Бакинцы обожали ходить в кино и театры. Это был целый ритуал – собирались семьями, порой всем двором, и шли на премьеру. Напротив Парапета находился кинотеатр «Спартак», но бакинская элита предпочитала ходить в «Низами» или «Ветен», где в то время перед сеансами выступал потрясающий оркестр Рауфа Гаджиева. Насмотревшись трофейных фильмов, красивой и такой недоступной заграничной жизни, мы с друзьями стали стилягами – набриолиненые волосы, шляпы, брюки-дудочки, яркие галстуки, остроносые туфли, легкая, непринужденная манера общения. Причем, все это приобреталось у фарцовщиков и за довольно большие по тем временам деньги. Когда мы, первые бакинские стиляги 50-х, в таком экстравагантном виде появлялись на Торговой, то вызывали целую бурю эмоций у фланировавшей публики – от восхищения в девичьих глазах до презрительных насмешек их ревнивых парней. Но на это и было рассчитано – мы всегда оказывались в центре внимания!

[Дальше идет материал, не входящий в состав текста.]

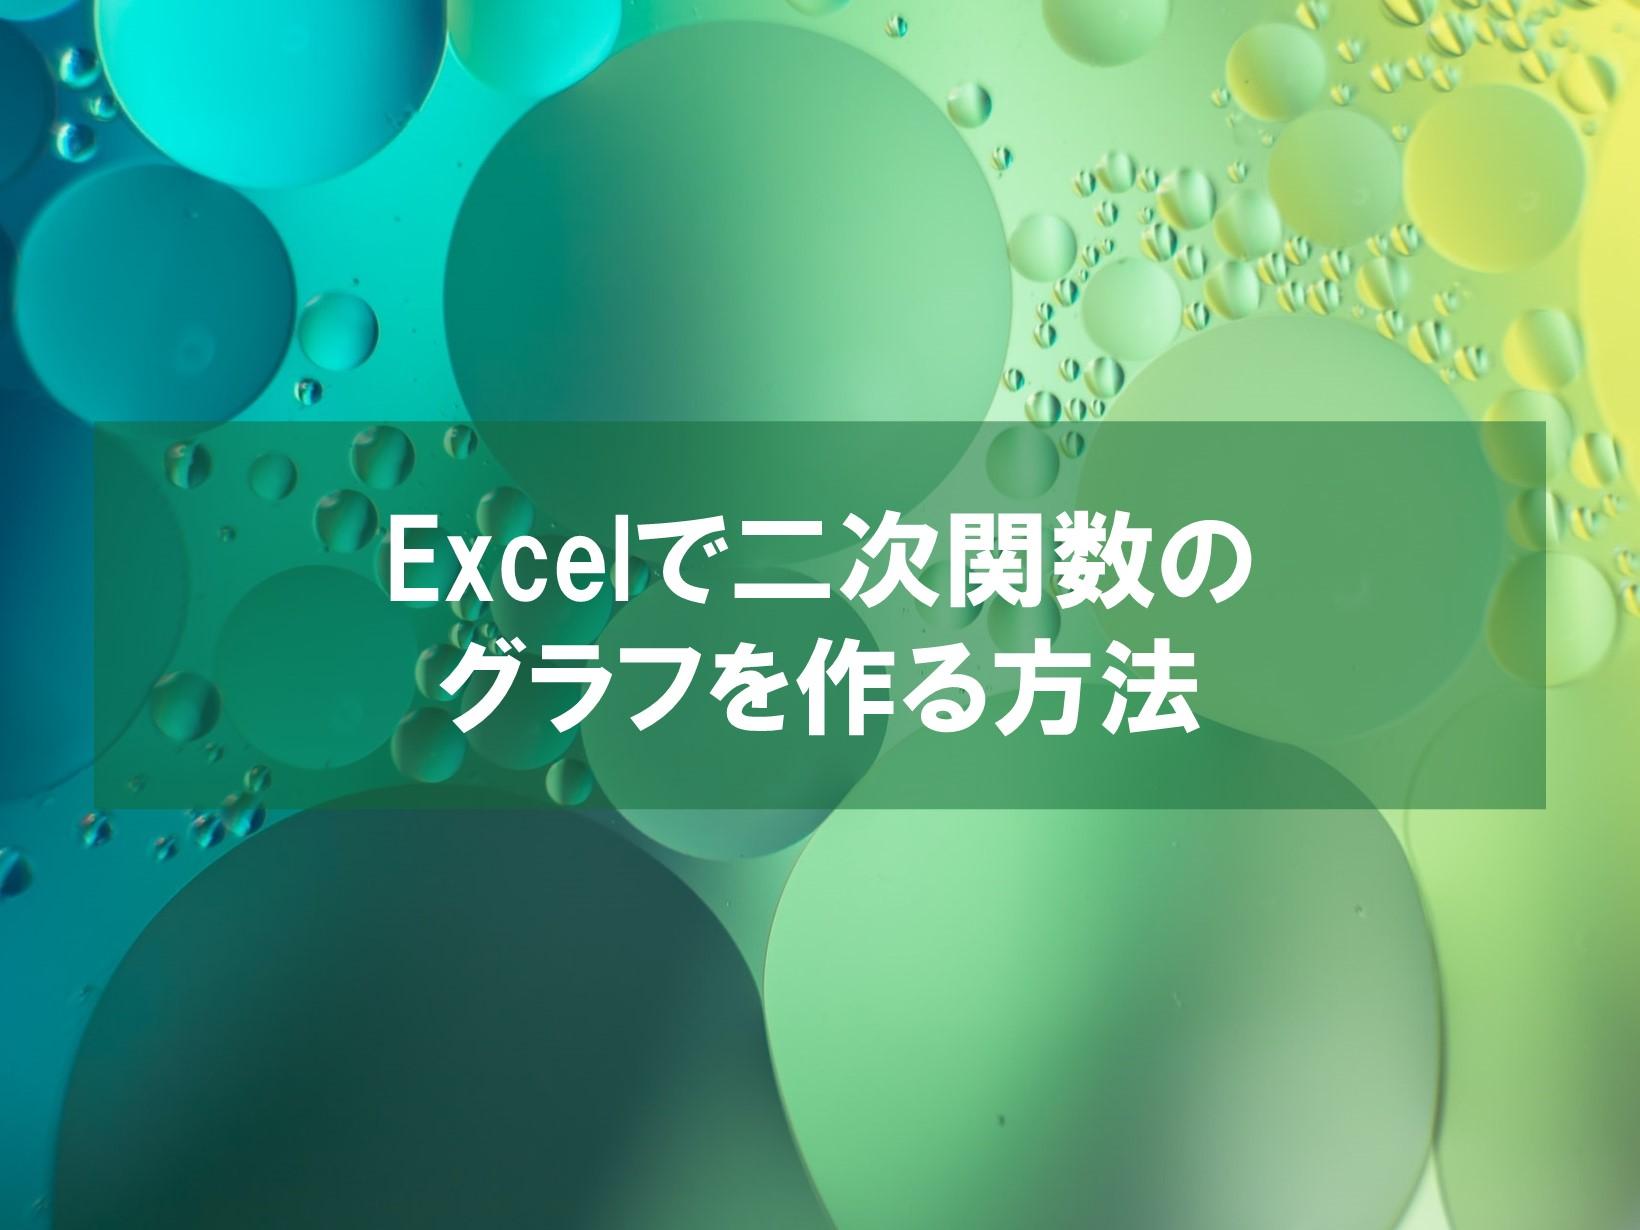 【Excel】二次関数のグラフを作る方法【簡単】

Пронеслась, пролетела моя жизнь. Изменился мой Баку, и еще больше изменились мои бакинцы. Иных уж нет, а те далече… Те, кто покинул свой город, навсегда унесли с собой его образ, аналога которому невозможно найти ни в какой другой стране мира, потому что его просто не существует. Те, кто остался, со временем стали в глазах молодежи чем-то вроде «состарившихся подростков», замкнувшихся в своем далеком прошлом. К счастью, я не принадлежу ни к одним, ни к другим. Я просто живу в этом городе и так же, как и во времена моей бесшабашной молодости, продолжаю его любить. И сердце мое переполняется счастьем оттого, что мне довелось видеть Узеира Гаджибекова, дышать одним воздухом и учиться у Кара Караева, и дружить со всеми теми, кто своей жизнью и творчеством создал прекрасную эпоху бакинского Ренессанса 60-х.

Книги->Книга «Город моей молодости»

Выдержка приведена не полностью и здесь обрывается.